PW of the old would have scoffed. Ha! You don’t have to teach kids how to be blerrie good husbands and mothers and parents, when the time comes, they just do it, rite? It’s the most natural thing in the world!
And therein lays the sobering thought: he grew up in cold, harsh Die Uitkyk where there was not much kindness around. Success was measured terms of harvest and health, and in level of obedience to God. Thus, his father was always too busy with the farm whilst his mother was too weak and ill to get out of her sickbed to teach her sons and daughters some very important lessons in life. Like how to be good husbands, wives and parents. Like kindness.
“Your Ma’s probably right.”
They walked on. PW wrestled with the deep, disquieting thoughts that had been plaguing him for years. He decided to plough ahead and ask his son, for if a man cannot talk to his son, who can he talk to? “Do you think I am a good husband to your mother, Hennie, and a good father to you and your brothers?”
“Yes, Pa,” came the dutiful reply.
“Come on, Boy, speak the truth!”
“No. I won’t speak the truth.”
PW stopped walking and turned to face his son. “Remember the conversation we had about being brave like a lion? Think of yourself as one, and roar out your answer. Never be afraid to speak the truth, Hennie.”
“I am not afraid of you, Pa. I am not telling you the truth because Ma said truth is not worth it if it brings pain to someone. That’s the big lesson we had to learn, when to speak and when not to speak at all.”
“I am a scientist, I need to know the truth. That’s always the case with me, Hennie, I always want to find out answers, whatever they may be. The not knowing torments me.”
“In that case, Pa, you have not been good for us.” It hurt the boy to say it, but there, it was out there now. He asked for it.
My God, truth hurts. And to be told that one is not a good parent hurts more than anything.
Stung by his son’s answer, PW recoiled. “Thank you, Hennie,” he said simply, with genuine gratitude.

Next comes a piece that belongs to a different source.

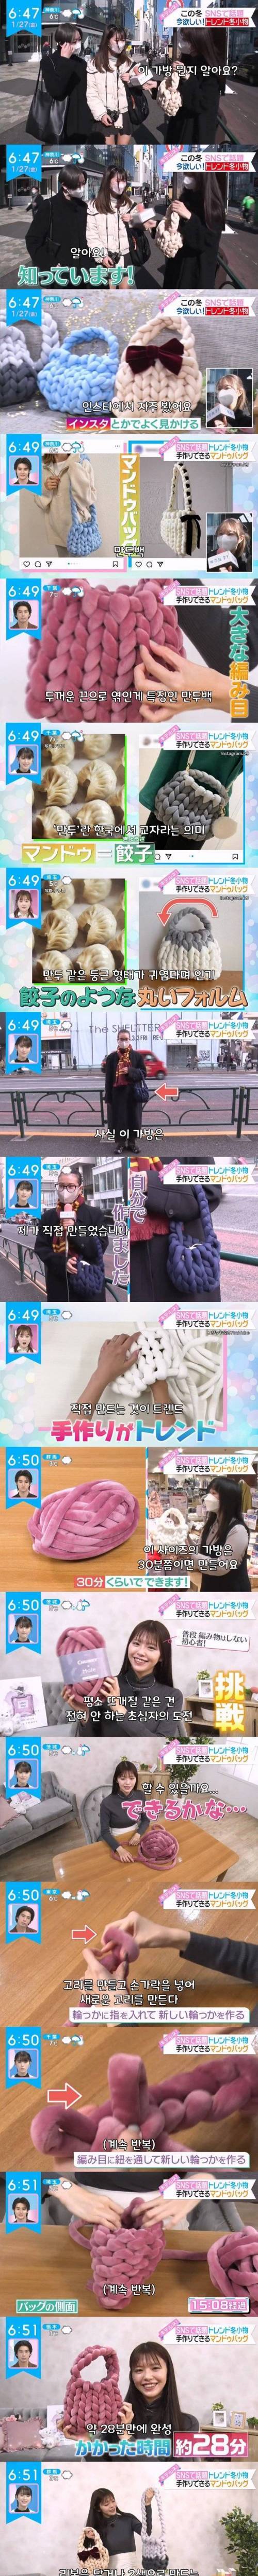 1 일본에서 유행한 만두가방.jpg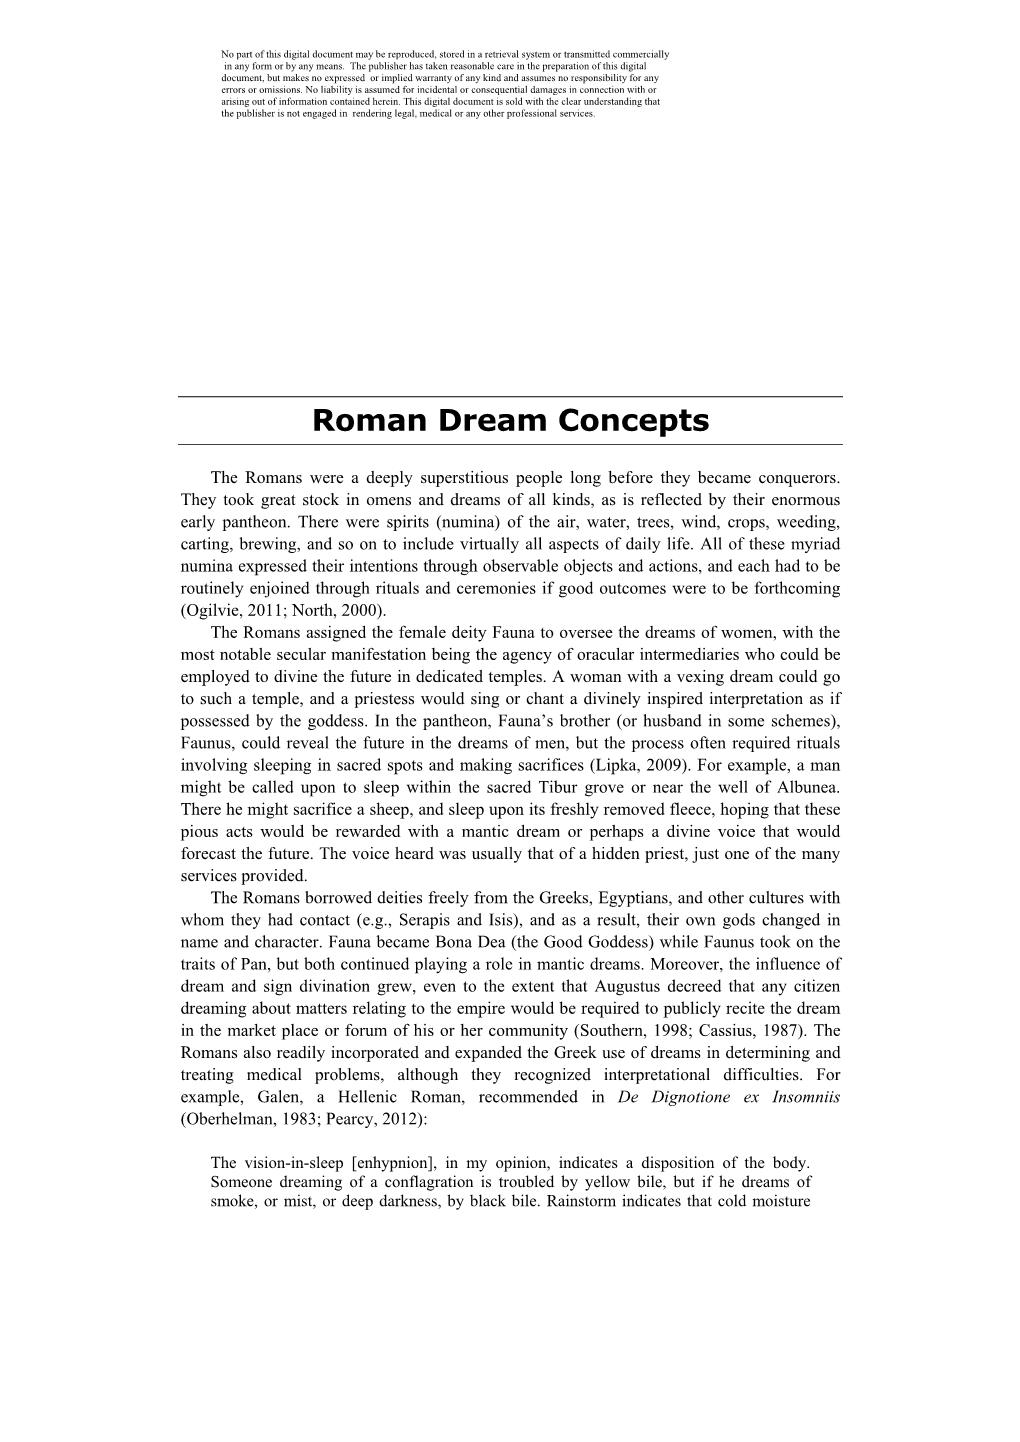 Roman Dream Concepts

They walked on in silence for a bit, then Hennie spoke. “Ma said not to be angry at you, because it is not your fault. Your parents did not teach you kindness. They had tried to make you tough.”
“Yes, my parents did that. I was never good enough. There was a lot of unkindness in my childhood. But maybe that’s the Boer way, we have to grow tough children for the tough life out here.”
“Ma said it’s more important to teach children how to be kind. Because with kindness, you get better results.”
What was it that Karin said? Love is the most efficient law.
“Sometimes, people hurt you because they are hurting inside. Even if they are kind, they forget about their kindness when their own hurt is bad. Are you hurting inside, Pa? Is that why you made Ma cry?”